À l’Ircam, nous croisons des Spécialistes, avec un grand S, du son, pour lesquels la notion de qualité prime, et dont les délices sont la distinction entre un son produit par un instrument et la façon dont il est diffusé dans la salle. Des subtilités très intéressantes, mais qui ont eu tendance à nous échapper dans un premier temps, et qui nous paraissaient ne pas appartenir au stock de Grand Magasin.

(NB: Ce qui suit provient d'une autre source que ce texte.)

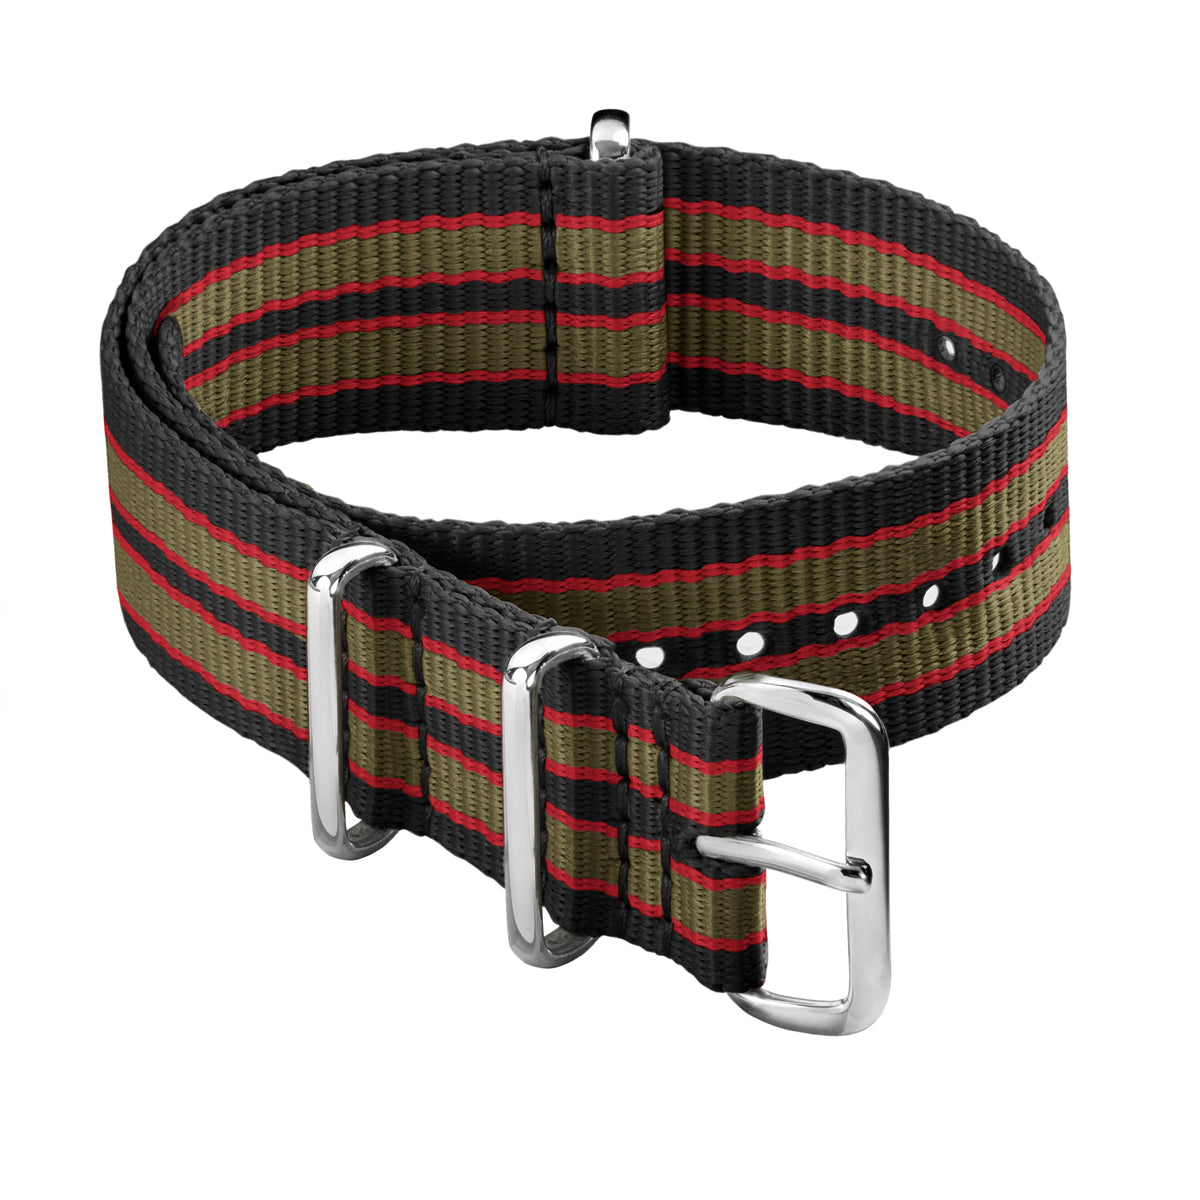  Archer Watch Straps - Premium Nylon Replacement Bands

Plus nous les découvrons, plus nous les aimons, comme une sorte de travail esthétique, d’initiation à poursuivre pour nous-mêmes.

Pour communiquer à partir de notre politique de base, notre recherche d’un tronc commun, il ne s’agissait pas de qualité de son mais bien de quantité : combien y a t-il de mots dans cette phrase ? y en a-t-il suffisamment pour que je la comprenne ? Ce n’est pas la douceur du mot ou la beauté de sa vocalisation qui nous intéresse, en l’occurrence.

Dans notre spectacle, le rapport à la musique se fait par le biais de la composition, à savoir comment découper les scènes entre elles, comment organiser le différent, la séparation, le silence, l’infiniment nouveau ou, au contraire, la redondance.